◆ Problem description
Among the entries that follow, the required portion opens with the line containing "Hy's Toggery - New" and closes with the line containing "Go on a game drive". Give that portion again exactly, and nothing else.

◆ Input records
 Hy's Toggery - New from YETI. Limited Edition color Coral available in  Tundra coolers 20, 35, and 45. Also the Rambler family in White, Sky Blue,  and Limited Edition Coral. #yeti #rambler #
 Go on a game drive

...

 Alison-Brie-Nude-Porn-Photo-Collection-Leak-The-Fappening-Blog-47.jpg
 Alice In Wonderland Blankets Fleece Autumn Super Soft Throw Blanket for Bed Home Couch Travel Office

◆ Final answer
 Hy's Toggery - New from YETI. Limited Edition color Coral available in  Tundra coolers 20, 35, and 45. Also the Rambler family in White, Sky Blue,  and Limited Edition Coral. #yeti #rambler #
 Go on a game drive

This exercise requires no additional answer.